UNFAVOURABLE GLOBAL REACTION: As expected, Washington's European allies rallied round the nuke agreement and leaders of Britain, France and Germany in a statement reaffirmed their commitment to the 2015 deal and warned the US against taking any decision that could harm it such as re-imposing sanctions.
Meanwhile, when the Trump plan for decertifying the nuke deal was made known by the mainstream US media late last month, German Chancellor Angela Merkel, Europe's undeclared leader, took the initiative to urge President Trump not to kill the agreement and said the nuke deal was a remarkable document and should be given a chance to prove its bona fides. However, given the mutuality of their dislike for each other, Merkel's pleadings failed to evoke a responsive chord for harmony.
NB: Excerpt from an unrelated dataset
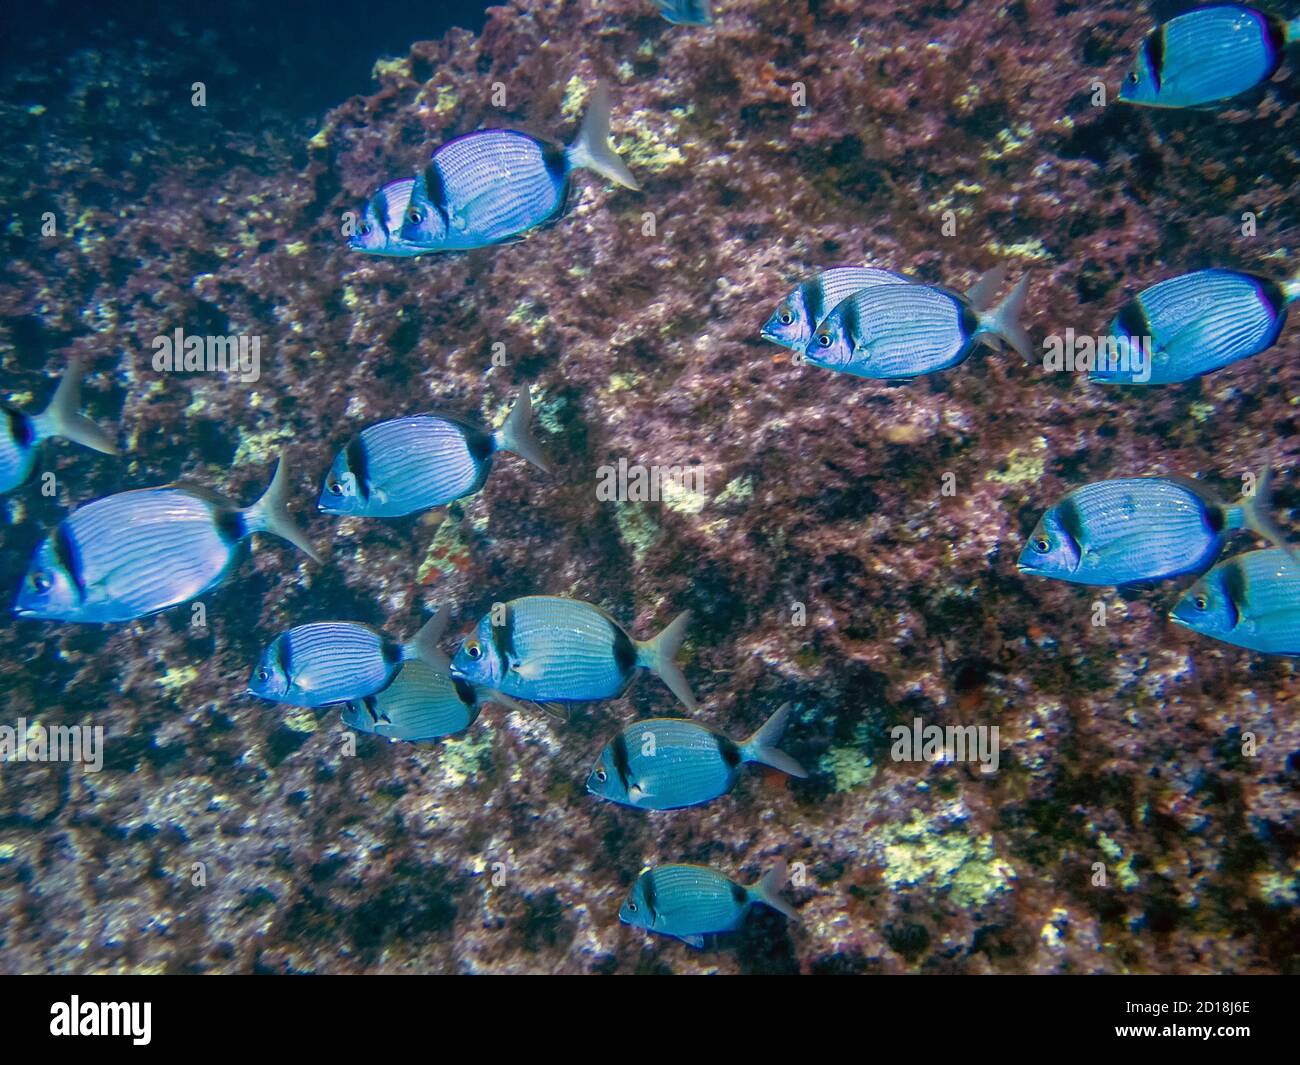 A school of Double Banded Bream (Diplodus vulgaris) in the Mediterranean Sea Stock Photo

Reuters news agency quoted a senior French diplomat during the UNGA session in New York as saying that the nuke deal was achieved in large part because it was not linked to all the other grievances the United States may have had against Iran. However, Obama must have been aware of this before agreeing to clinch the historic deal.
The French news agency AFP reported from Tehran that President Hasan Rouhani on October 11 lashed out at his US counterpart saying that he was opposing "the whole world" by trying to abandon a landmark agreement.
He said at a cabinet meeting which was shown live on state television: "If the US wants take a hostile position regarding an international agreement which is approved by the UN Security Council …. they will oppose not just Iran but the whole world…. It will be absolutely clear which is the lawless government."
The AFP report pointed out that other parties to the deal - Britain, France, Germany, China, Russia and the European Union - have all voiced staunch support for the agreement, saying Iran has stuck to its commitments to curb its nuclear programme. Separately in a report, the IAEA has also cleared Iran of its compliance of the agreement.